When in more gracious moods, however, the dove will allow the cat to eat off the same plate with it, and, in default of a more suitable object of amatory attentions, will march round and round the cat, pirouetting and cooing as though it thought its natural enemy capable of appreciating the proffered homage. These two may frequently be seen on the supper table, drinking milk together out of a saucer, in amicable companionship. Domestication brings about some singular modifications of

instinct; but when one sees a dove now buffeting a cat and driving it from its food, and anon squatted down before the fire in close contact with the cat, and apparently enjoying the warmth of his fur, it is difficult to understand how this suppression of hereditary antagonism on both sides was brought about— for human agency had nothing to do with it. Night after night these two strange associates pass together shut up in the kitchen, and the cat, who has more than once brought in a large rat, has never exhibited any sign of a desire to molest the dove.

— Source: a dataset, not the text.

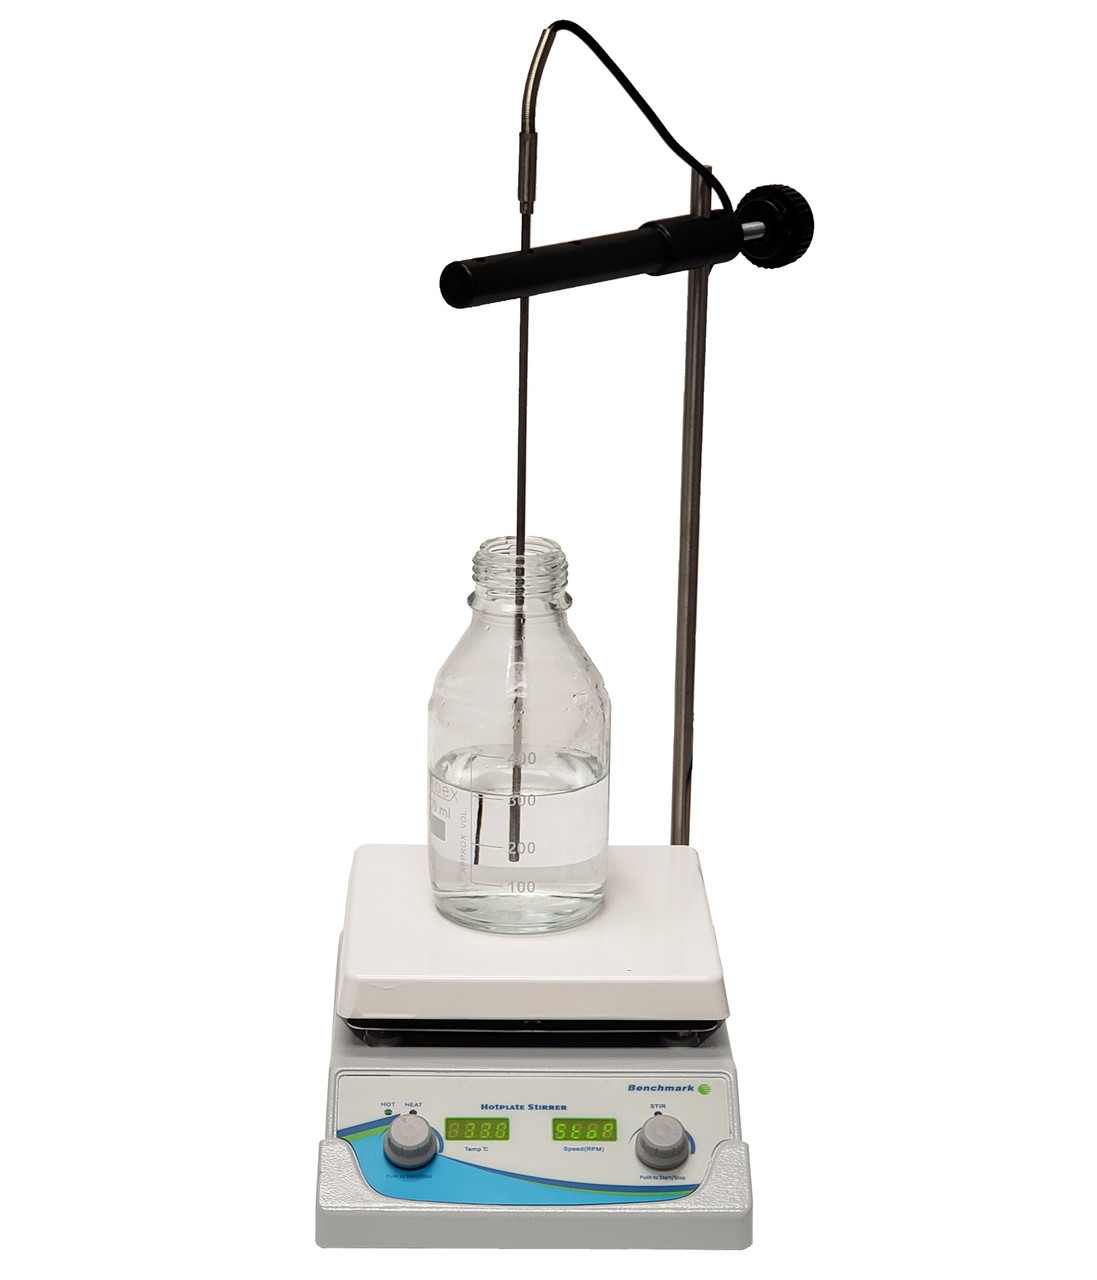 https://cdn11.bigcommerce.com/s-w9bdixgj/images/stencil/1280x1280/products/2965/6630/Clamp_Rod_and_Temperature_Probe_for_Benchmark_Scientific_H3770_Hotplates_and_Hotplate_Stirrers_Give_you_Precise_Temperature_Control_H3770_-CS-TF-_Lab_Equipment_-_Stellar_Scientific__93811.1576534445.jpg?c=2

The behaviour of animals when suddenly brought into the presence of a picture, or their own reflection in a mirror, is always interesting, and would repay more attention than it has received. On entering a friend's house one day recently, I was struck by the natural appearance of a tabby cat, in the sitting position, painted on a fireplace ornament. On asking my friend whether his black tom had taken any notice of it, he replied, "Oh, yes, the first time he saw it, he stood perfectly still, then crouched and moved slowly to the side of the fireplace, keeping his eyes fixed on it, then retreated a little, and after gazing steadfastly some seconds, walked under the table and took no further notice of it then; though for a day or two he would just pause and look at it in passing, as if he had forgotten it until that moment." So far as was known tabby did not attempt to verify his conclusions by smelling or touching the picture.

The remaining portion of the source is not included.